Because now he remembered the sound that had woken him up the night before that, and the slim figure he’d seen in the woods when he went to investigate.

Rose.

“Cab? You still there?” Mia asked.

Cab didn’t answer her. It all made sense. Rose wanted time alone. She wanted to get away from Emory Thayer. She wanted to be by herself. Was she camping in Carl’s woods?

Was she there now?

“Shit!” Cab cut off the call and redialed the station, slamming his foot down hard on the gas. He swung onto the country road that led out toward Carl’s place. “Tom, get everyone out to Carl’s—everyone you can. Now! The woman is out there and so is Rose.”

He ended the call and called Ethan next, repeating everything he knew as he flew down the road, taking turns like a race car driver. All he could picture was Rose in the woods alone, four armed men hunting her. What would they do when they found her? He saw Sam Grady’s crime scene. Amanda Strassburg’s beaten and flayed body.

Not his Rose. Cab increased his speed, nearly losing control of the truck around the next curve.

“We’re on our way,” Ethan said without asking any questions. Cab knew he’d collect Jamie and Rob. They had plenty of shotguns on the ranch. Five minutes later he flashed past the lane to the Cruz ranch. He hoped the men were already on their way.

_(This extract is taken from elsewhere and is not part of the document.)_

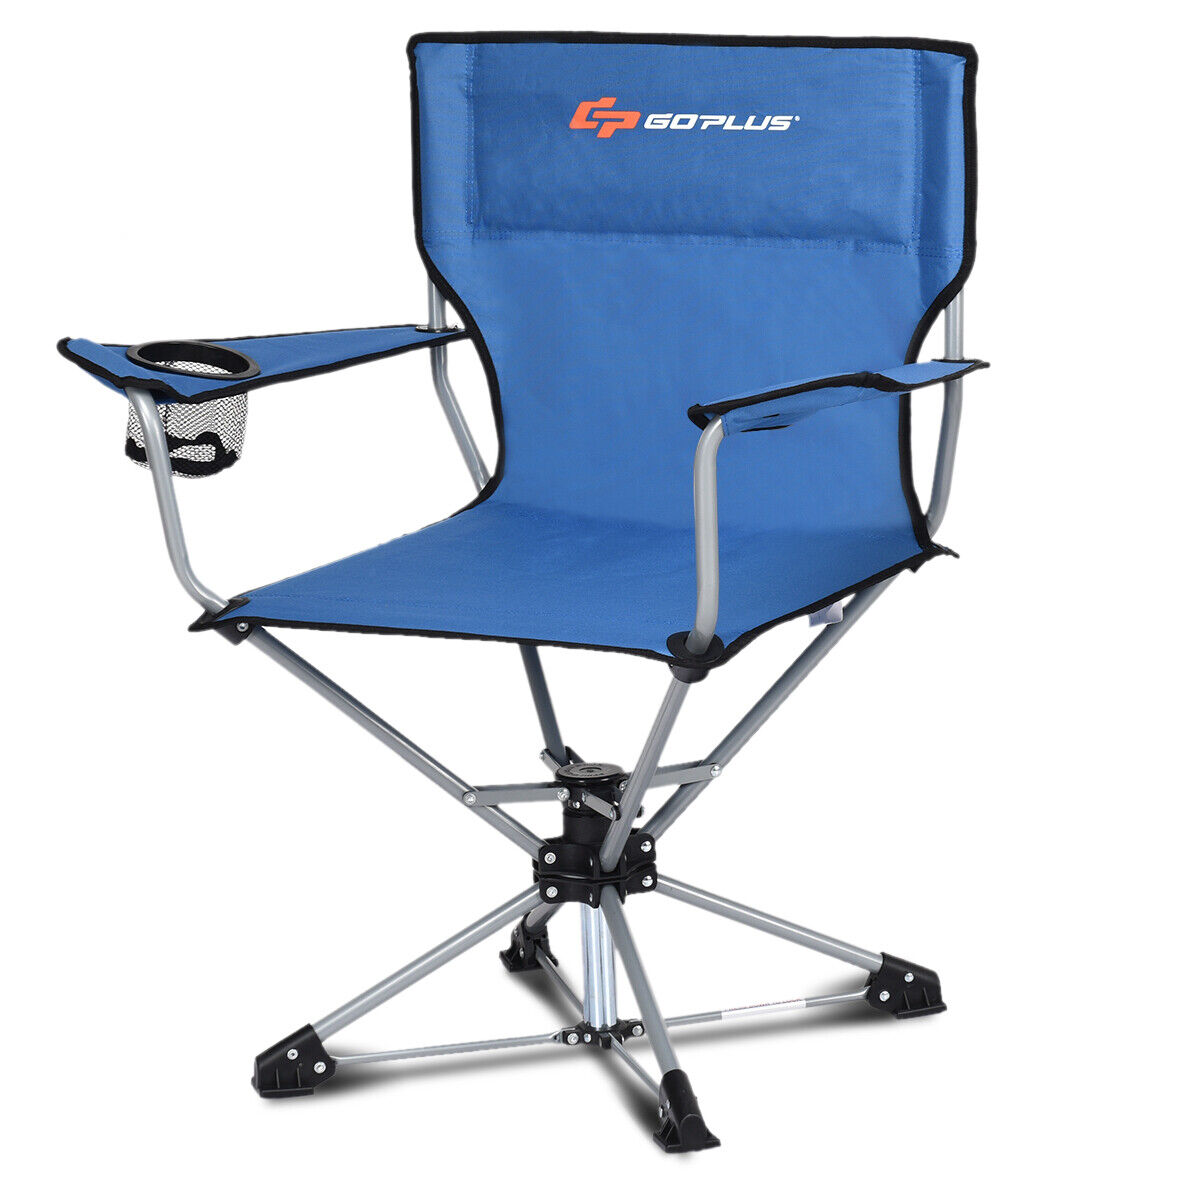 Swivel Camping Chair Collapsible Outdoor Folding Design w/Cup

When he neared the mansion, he slowed down and parked near the end of the long driveway. Exiting his truck as quietly as possible, he crept up it slowly, taking his time and keeping as much as possible to the trees that fringed the property. He blew out a breath when he realized how right he’d been to do so. A car he didn’t recognize was parked in front of the house and the front door was wide open, light from inside spilling out. Like him, the foreigners had chosen to search the house first. He hoped they wouldn’t be more successful than he had been.

If the terrorists were in the house, however, that was good news for him and for Rose. All he needed to do was skirt around the yard, keep to the shadows and slip into the woods. Surely her tree house wouldn’t be that hard to find, now that he knew what he was looking for.

As he began to work his way around the wide yard that surrounded Carl’s mansion, he heard shouting from inside the house. A door slammed, several men spilled out onto the front porch. Cab froze.

He couldn’t understand the language they were speaking, and now he knew exactly what Kevin meant when he said they were obviously foreigners and obviously looking for trouble. Perhaps these men thought they’d blend into middle America, but they were dead wrong. No one around here dressed like that, and no one spoke like that, either. They were all armed, Cab saw with a twist of his gut. And armed well, several of them with sub-machine guns. His Glock wasn’t going to stand up to those.

He hoped they would head back to their car and drive away, but after a brief huddled conference, they ran down the steps, split up and raced around the mansion.

Straight for Carl’s woods.

Cab swore and began to follow them as quickly as he could, but they had the advantage that they weren’t trying to hide. He was. As they dashed across the lawn, around the house, and toward the woods out back, he had to trace a more difficult path, sticking to the shadows as much as possible, keeping far away from the house’s floodlights. He darted from one ornamental tree to the next across the swath of grass. When he saw the four men enter the woods, he picked up his pace and soon made it to the tree line himself.